> _Data section_:
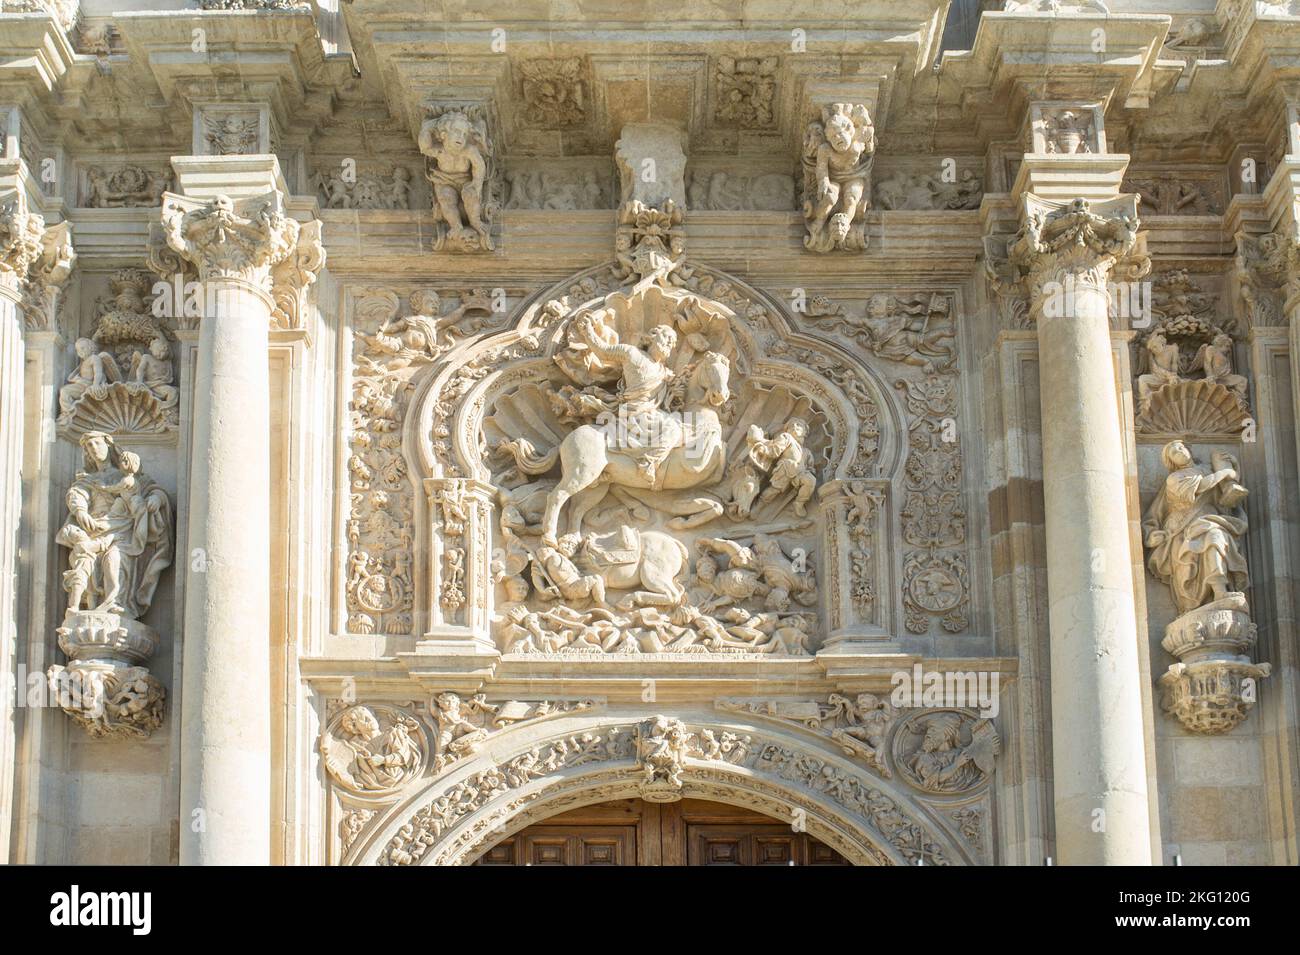 Saint James la sculpture de Moor-slayer. Couvent de San Marcos, Leon, Espagne. Bâtiment du XIIe siècle abritant désormais un hôtel de luxe parador Banque D'Images
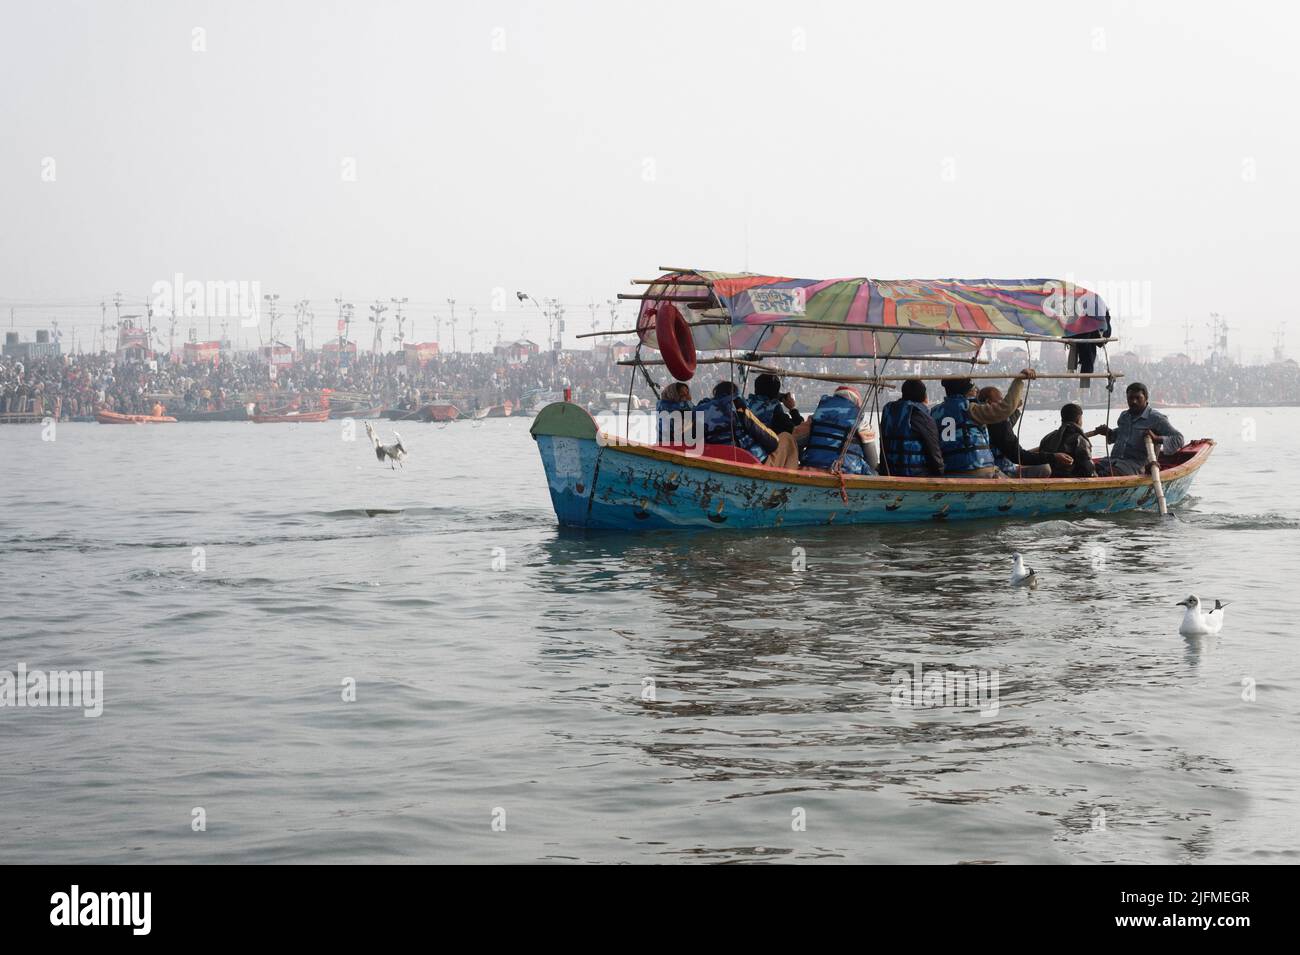 Pilgrims on boats at early morning, Allahabad Kumbh Mela, World’s largest religious gathering, Uttar Pradesh, India Stock Photo
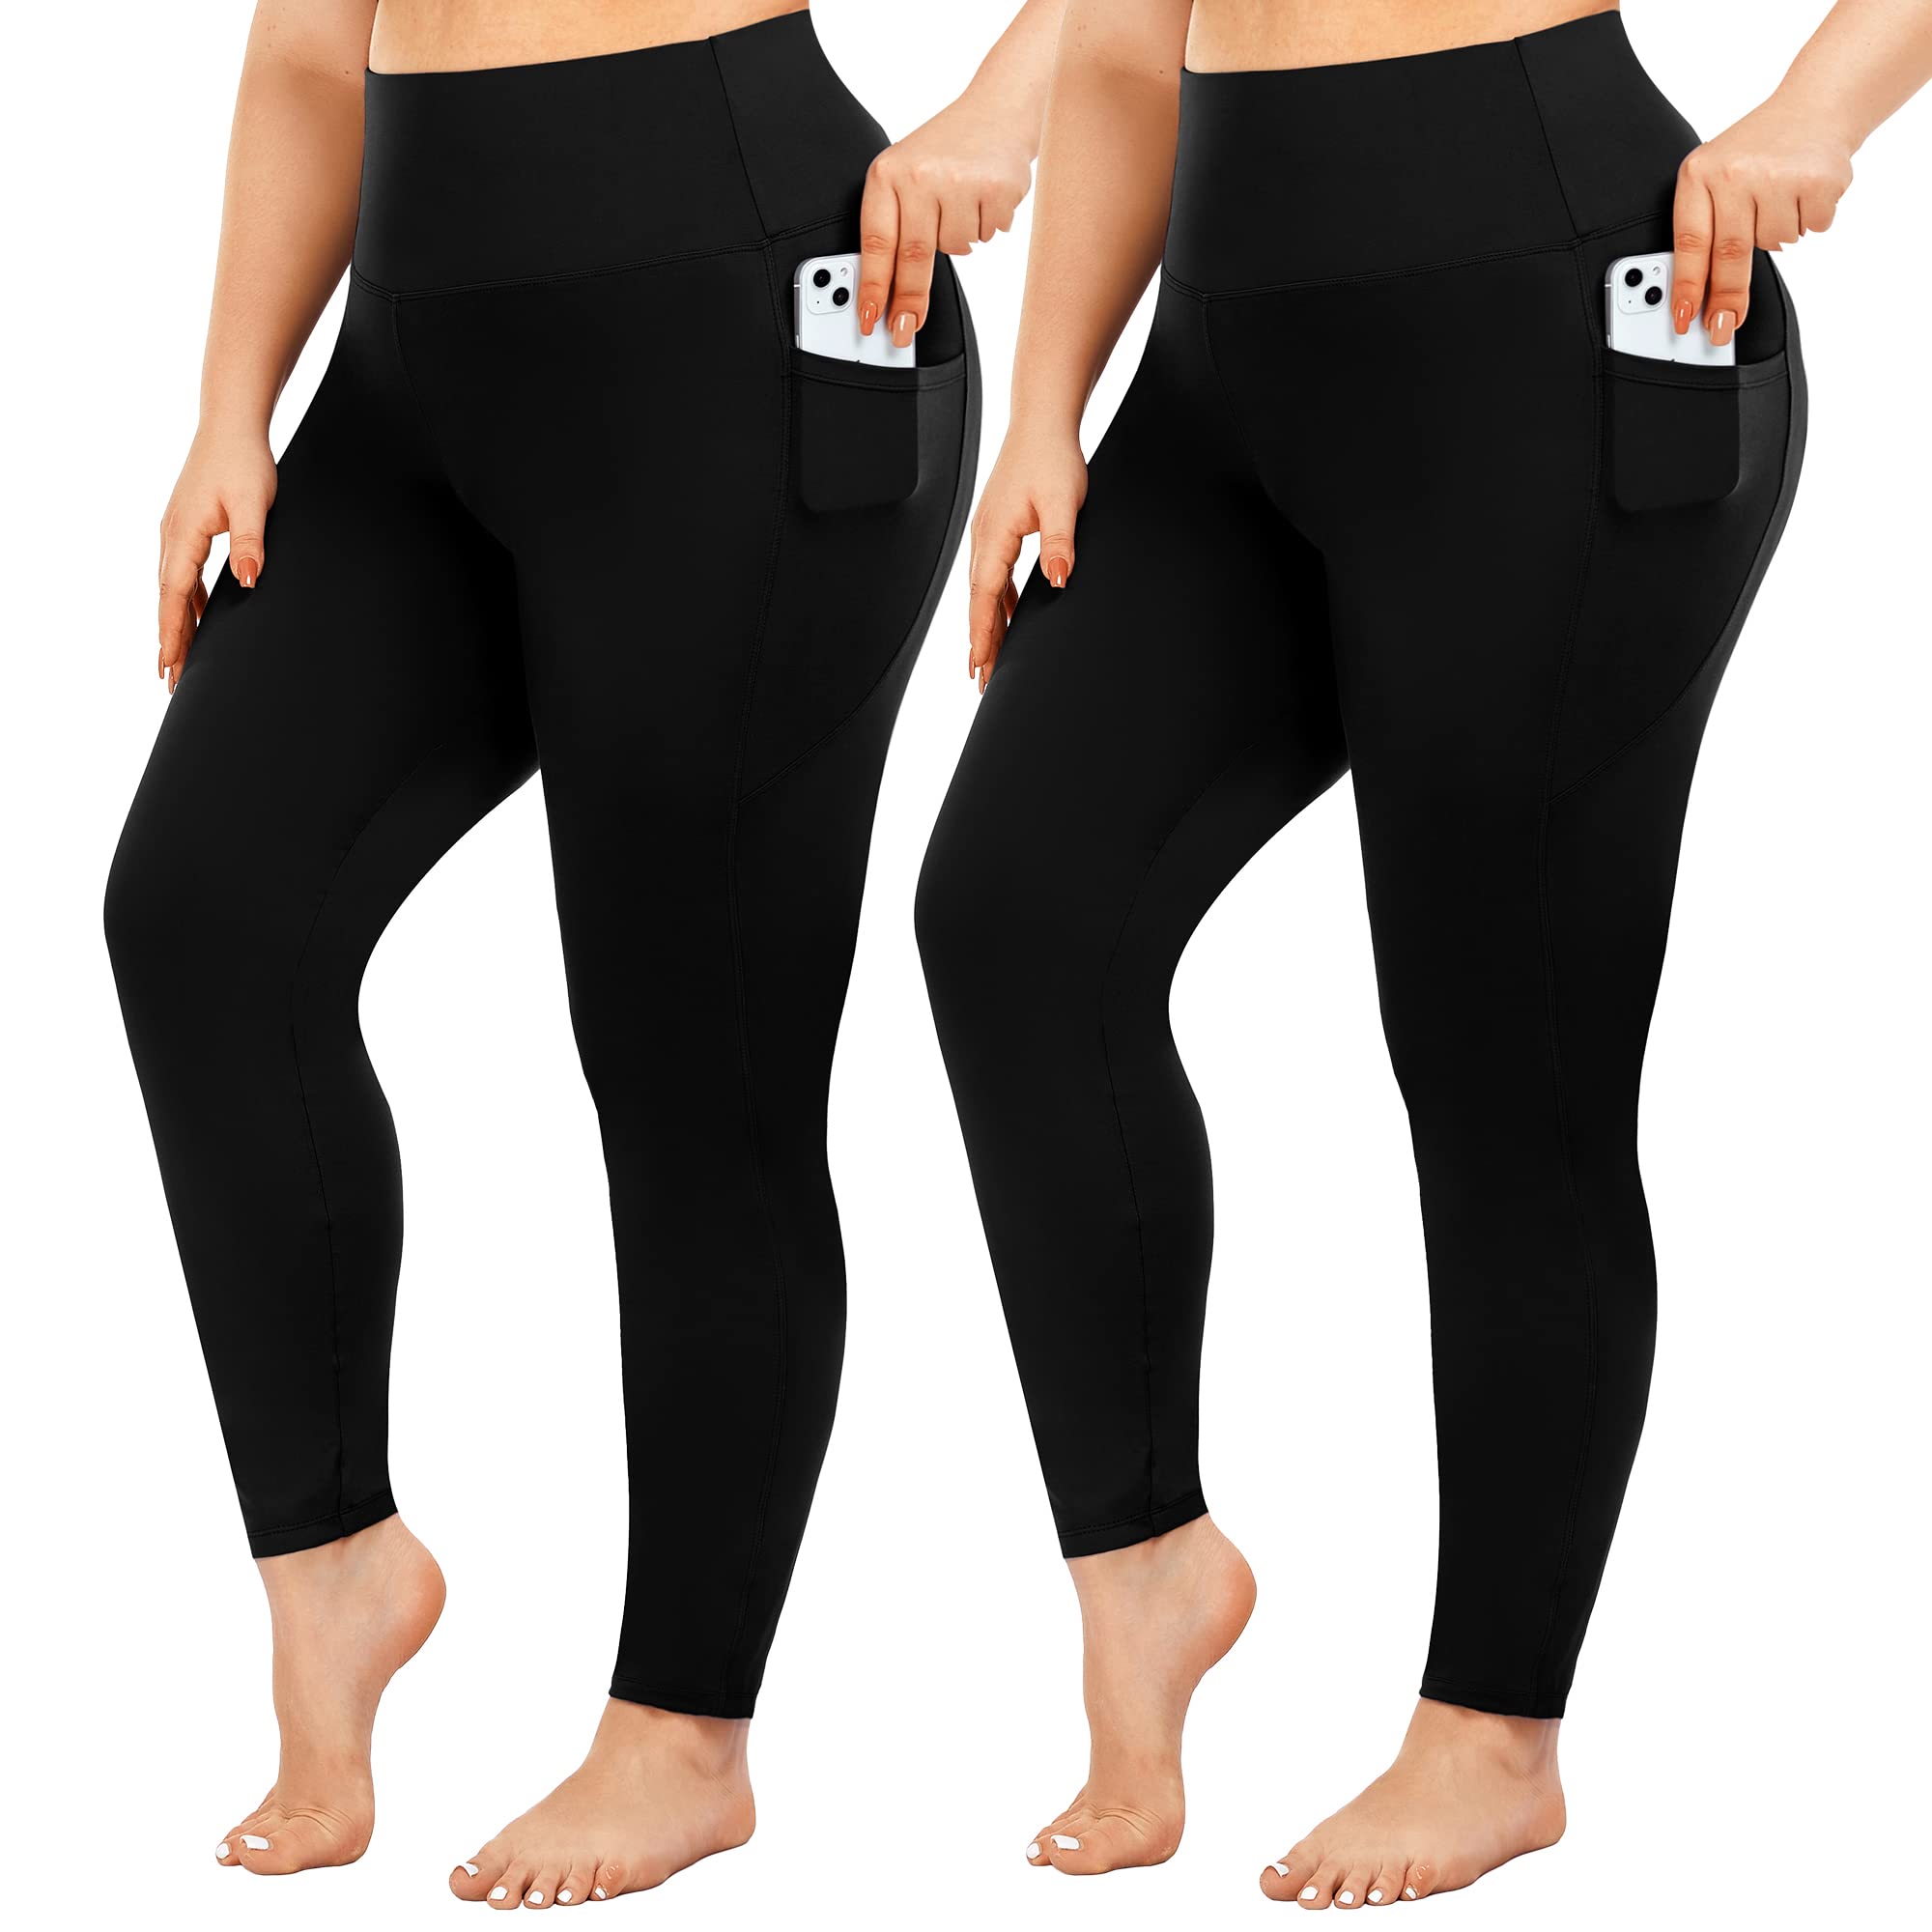 Women's Cotton Stretch Black Leggings - 2 Pack - Full Length - Soft Slim  Fit 
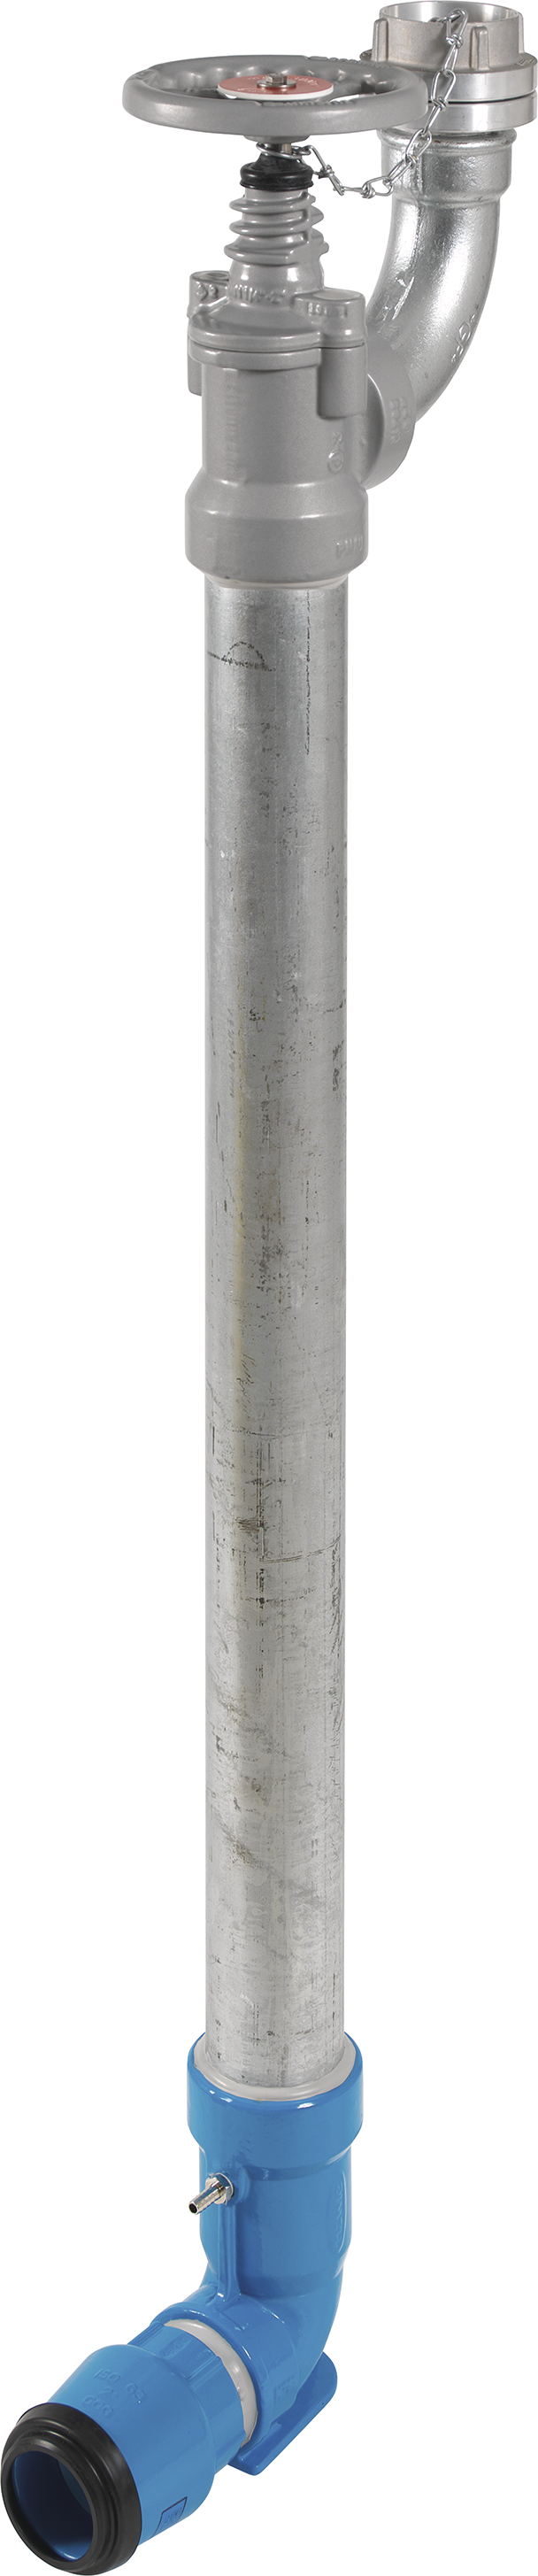 Bewässerungshydrant Unterflur N767 d 50mm, L = 600mm - Hawle Hydranten

> _Work instruction_:
Print the whole listing exactly. No pictures belong in the copy.

> _Answer to this task_:
 Saint James la sculpture de Moor-slayer. Couvent de San Marcos, Leon, Espagne. Bâtiment du XIIe siècle abritant désormais un hôtel de luxe parador Banque D'Images
 Pilgrims on boats at early morning, Allahabad Kumbh Mela, World’s largest religious gathering, Uttar Pradesh, India Stock Photo
 Women's Cotton Stretch Black Leggings - 2 Pack - Full Length - Soft Slim  Fit 
 Bewässerungshydrant Unterflur N767 d 50mm, L = 600mm - Hawle Hydranten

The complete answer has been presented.